▶ Input data
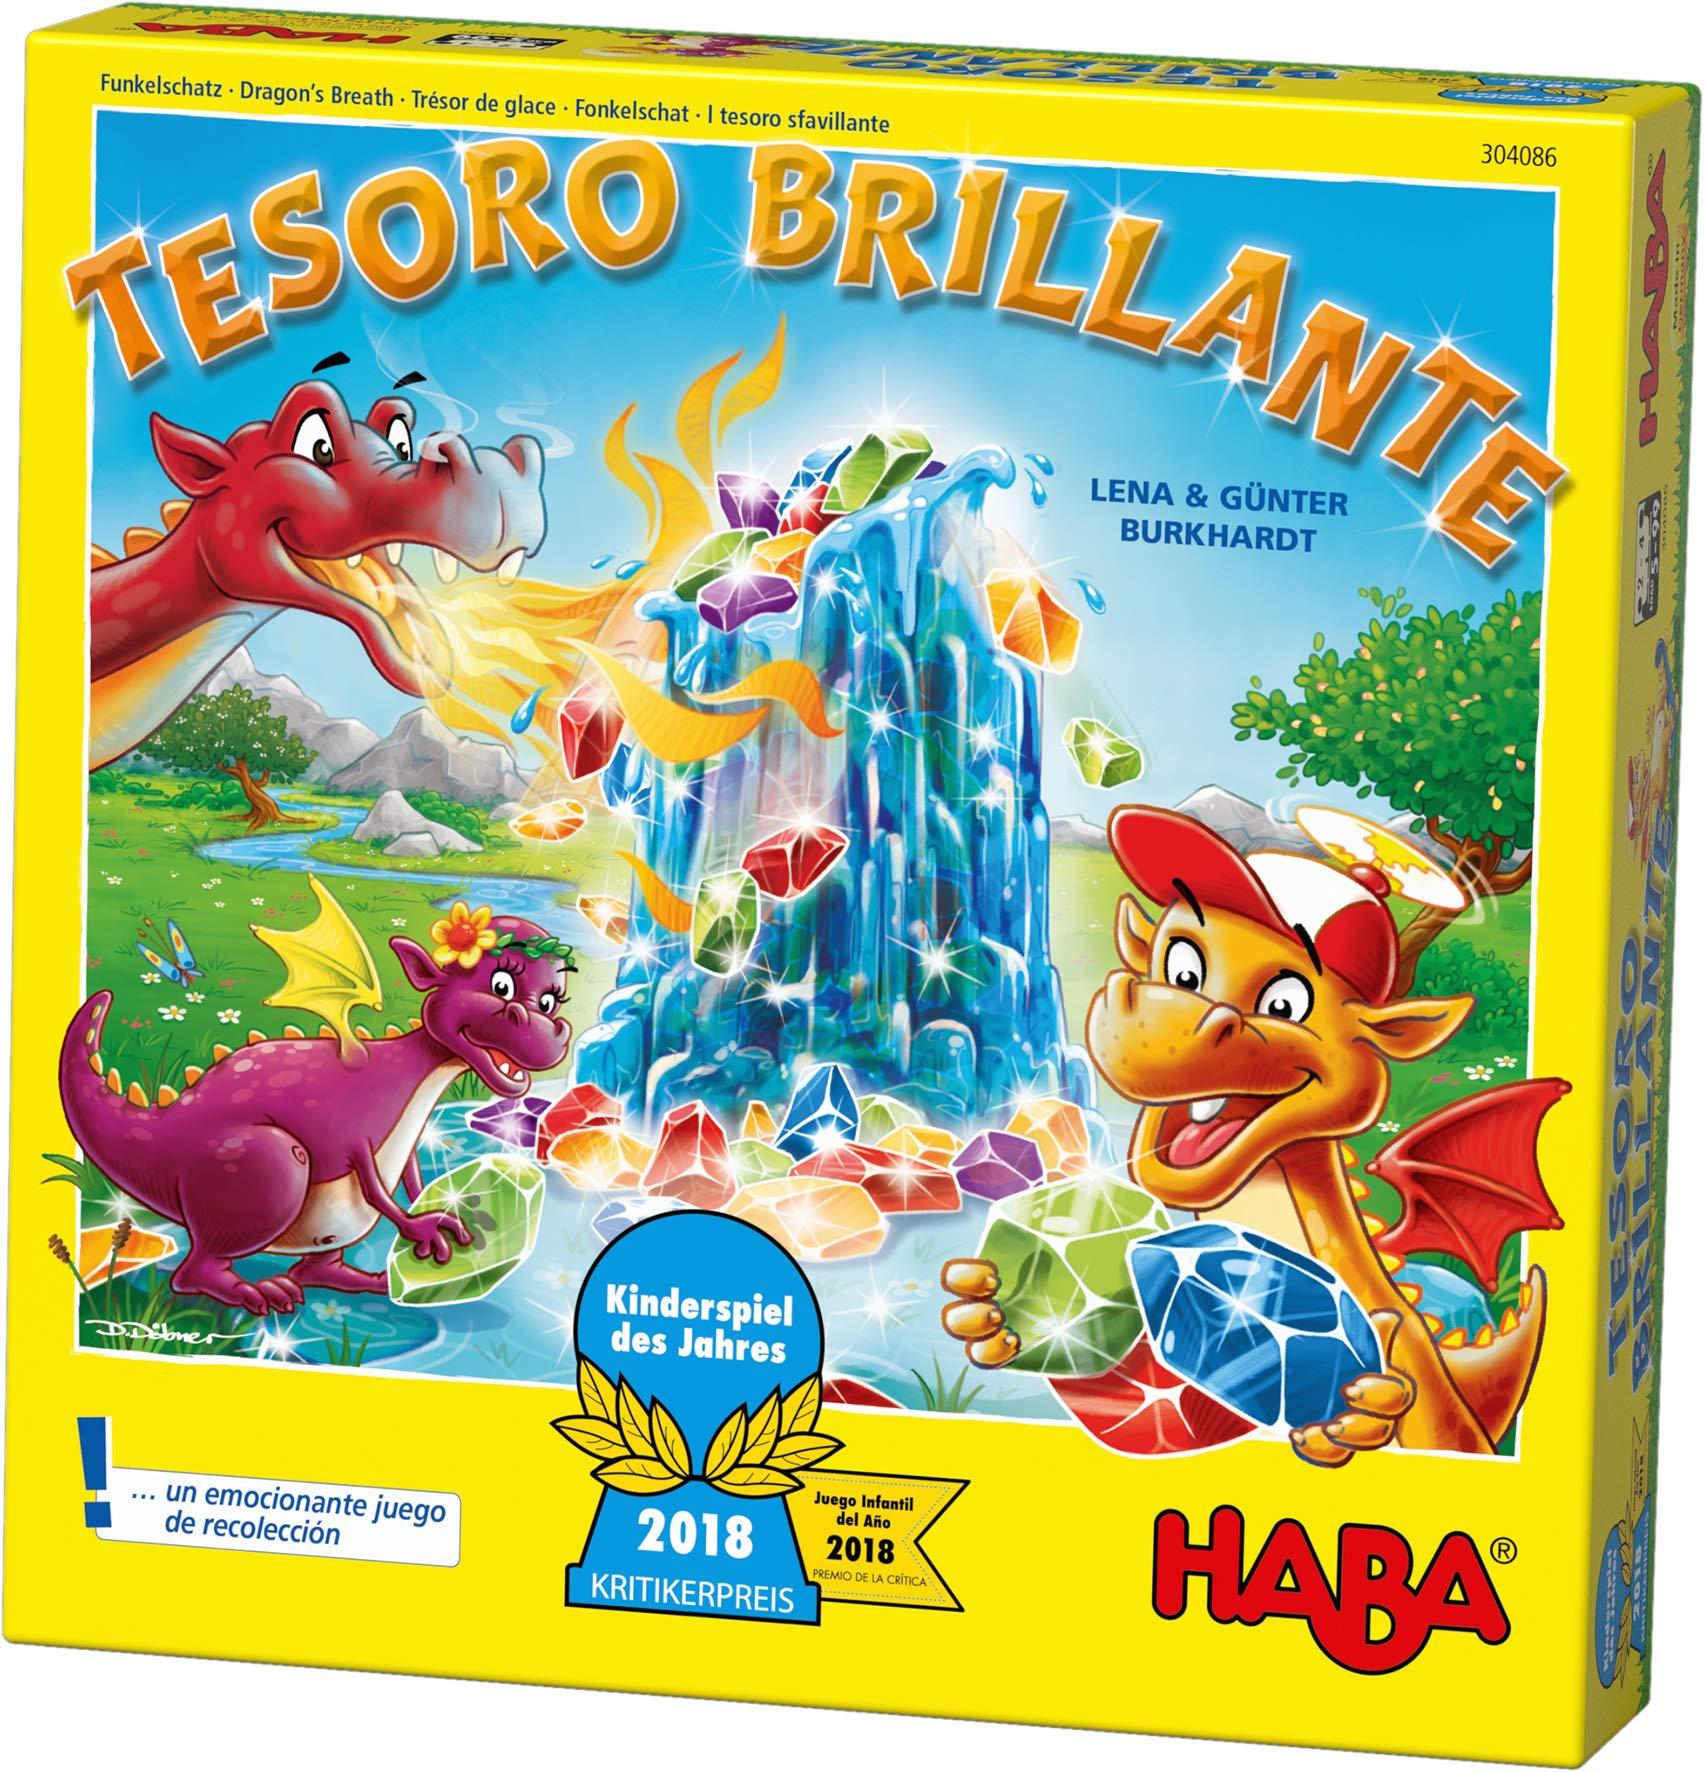 Haba - Tesoro Brillante, Color Multicolor (Habermass 304086): Amazon.es: Juguetes y juegos
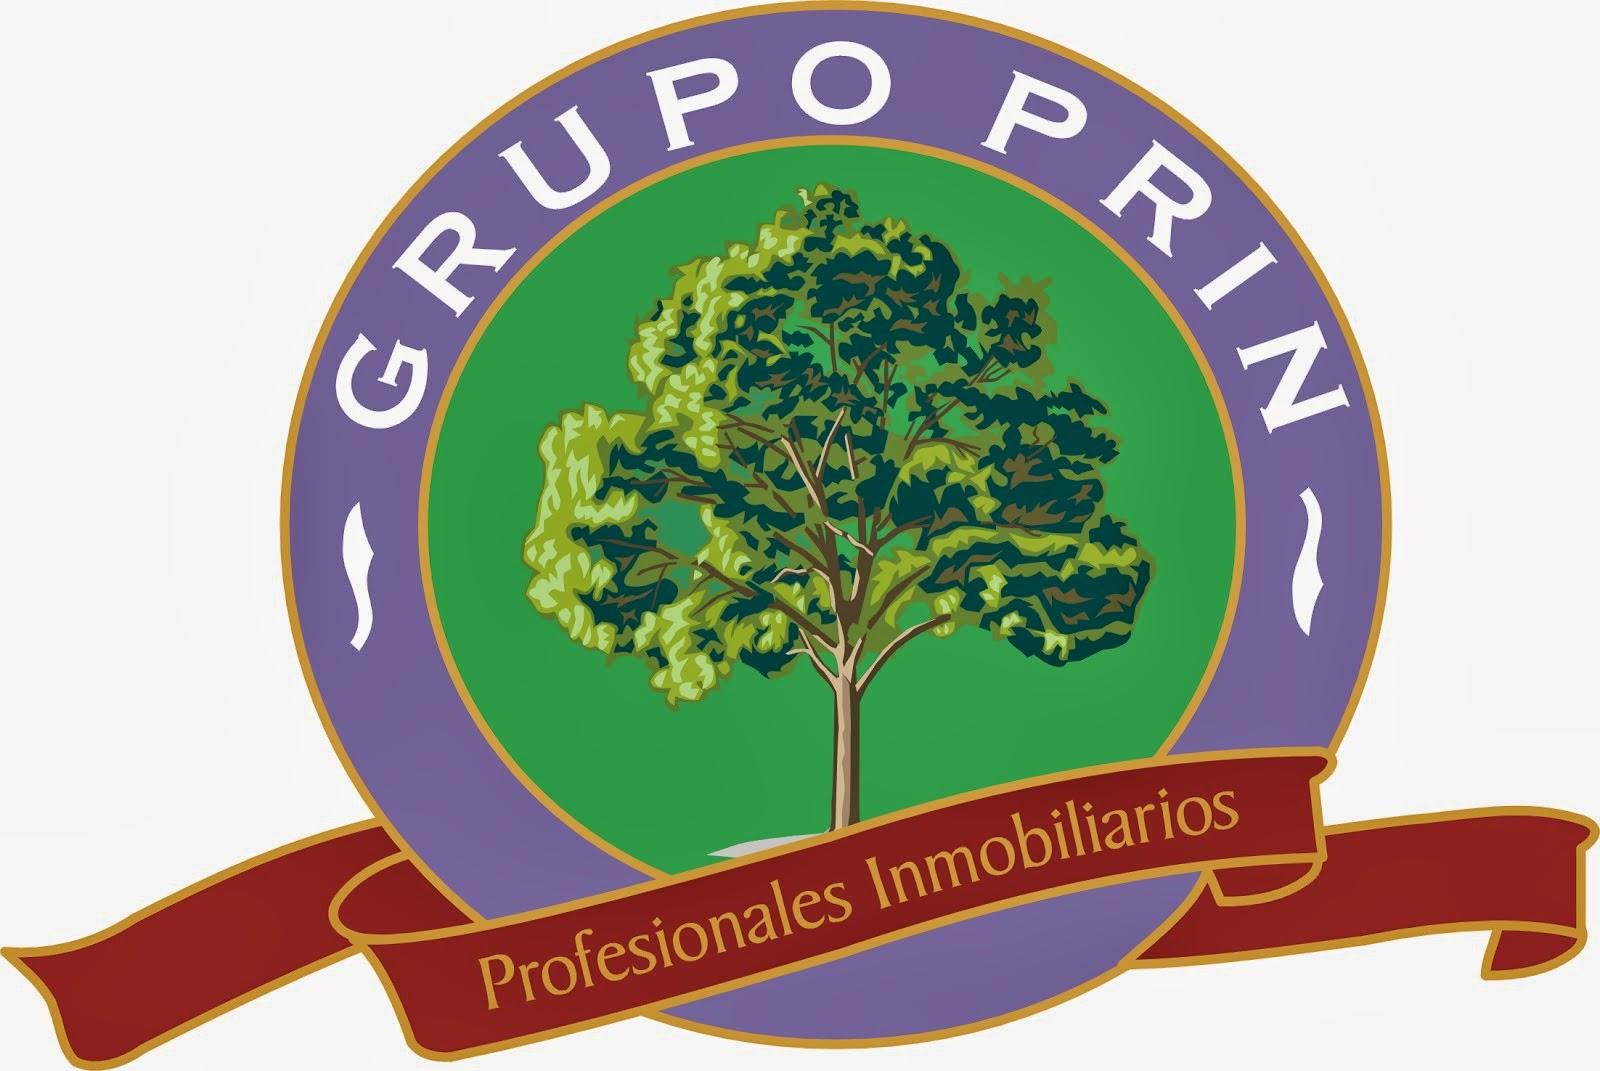 Integrante del Grupo PRIN
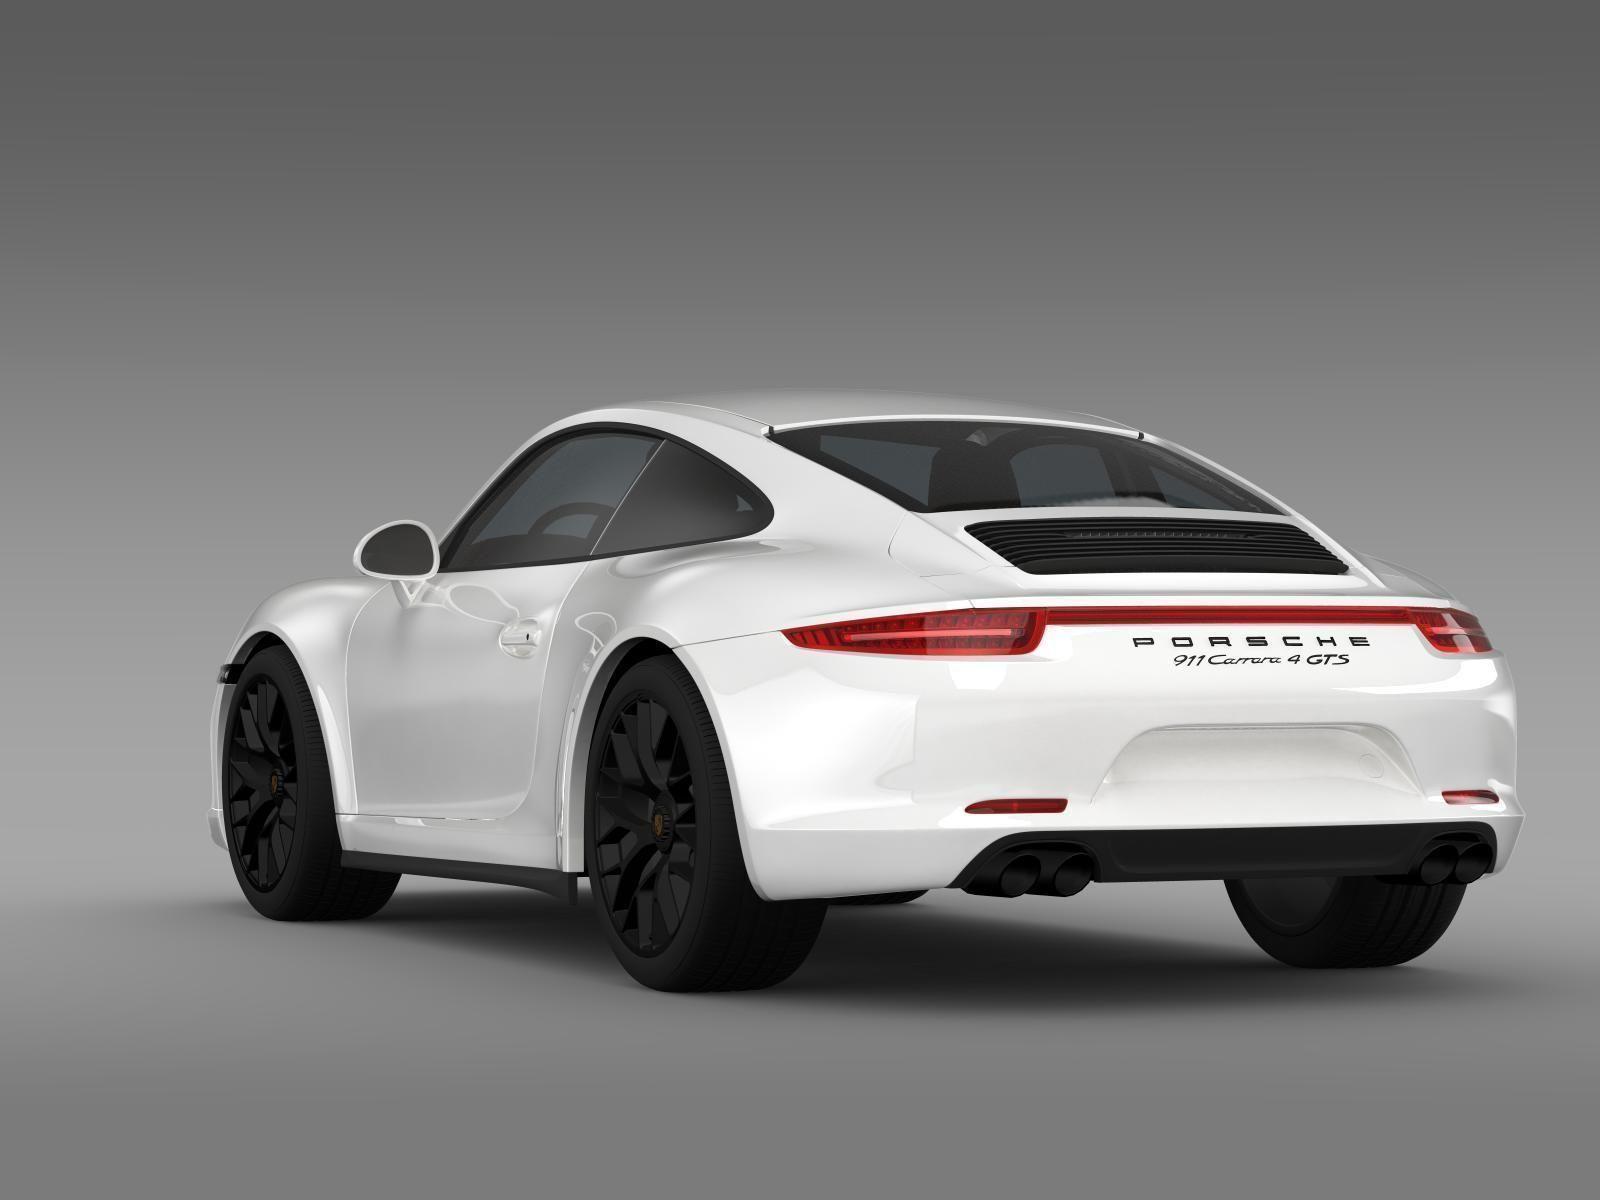 porsche 911 carrera 4 gts coupe 991 2015 3d model max obj 3ds fbx c4d lwo lw lws. Black Bedroom Furniture Sets. Home Design Ideas
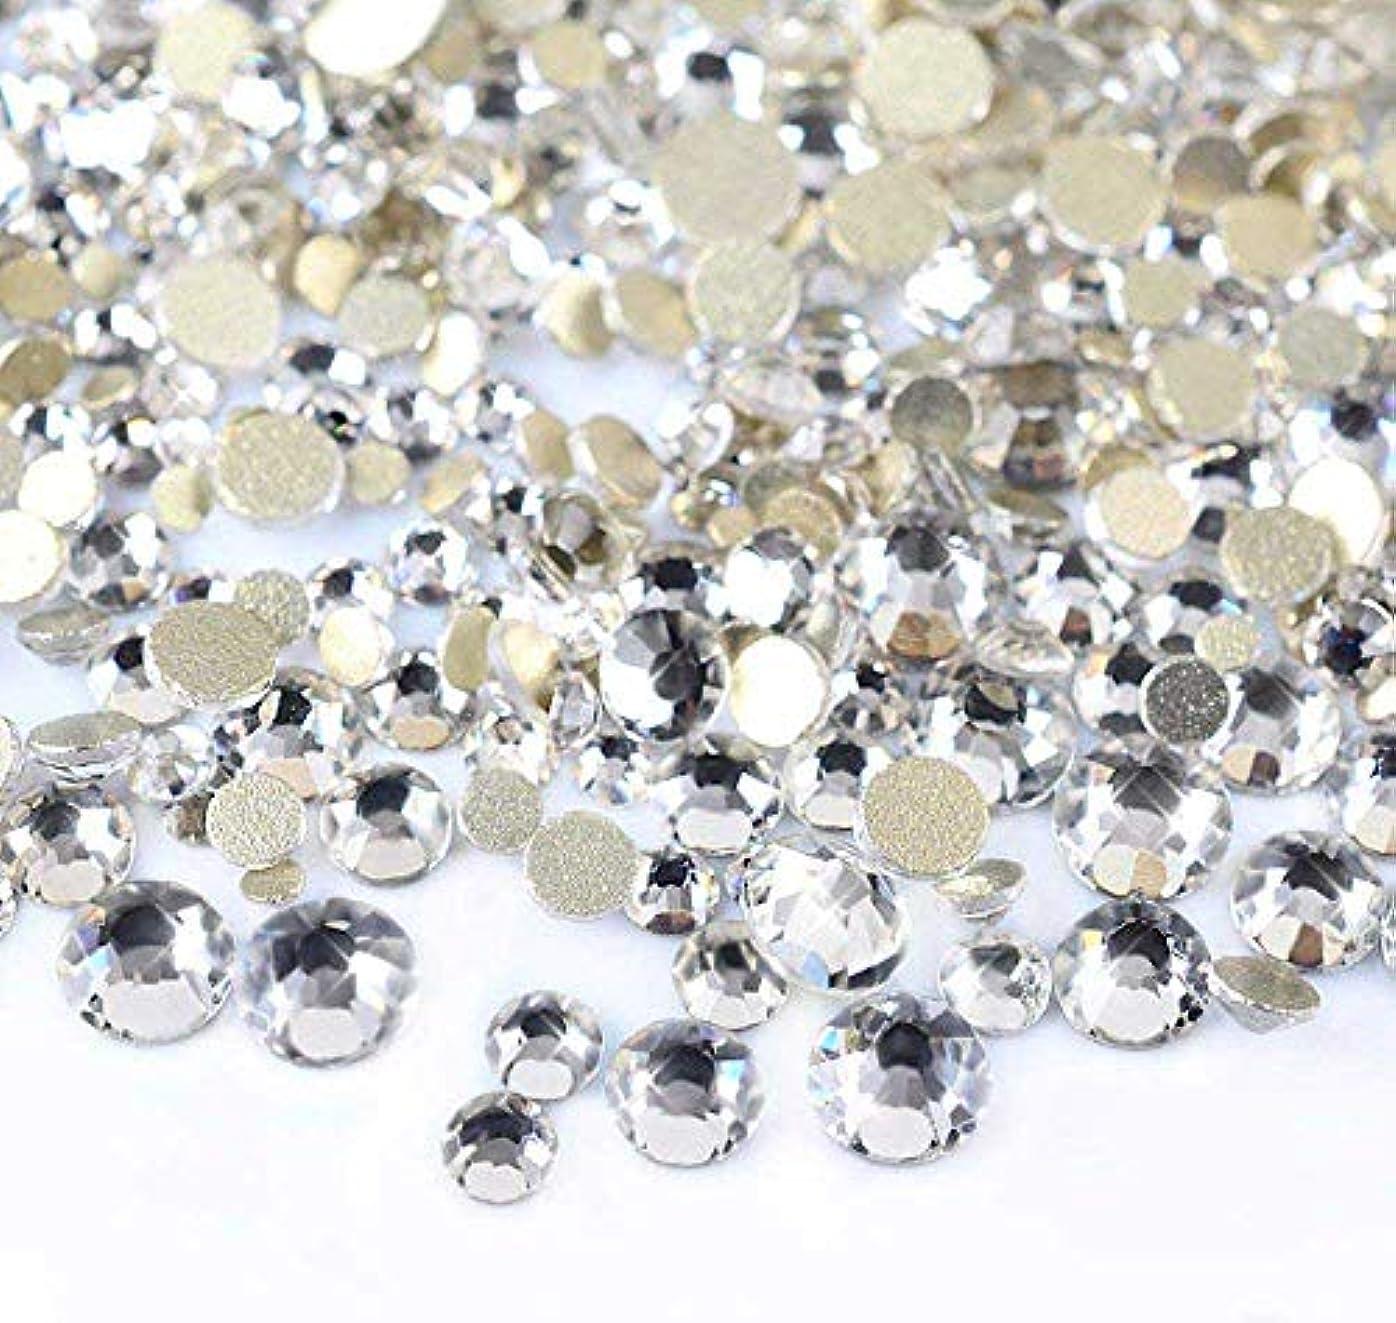 腕歴史的まさにTigre Amore ラインストーン ネイル用ストーン ガラス 製 大容量 5000粒 セット

▶ Directions
Word for word, copy every line of the data, excluding any pictures.

▶ Exercise response
 Haba - Tesoro Brillante, Color Multicolor (Habermass 304086): Amazon.es: Juguetes y juegos
 Integrante del Grupo PRIN
 porsche 911 carrera 4 gts coupe 991 2015 3d model max obj 3ds fbx c4d lwo lw lws. Black Bedroom Furniture Sets. Home Design Ideas
 腕歴史的まさにTigre Amore ラインストーン ネイル用ストーン ガラス 製 大容量 5000粒 セット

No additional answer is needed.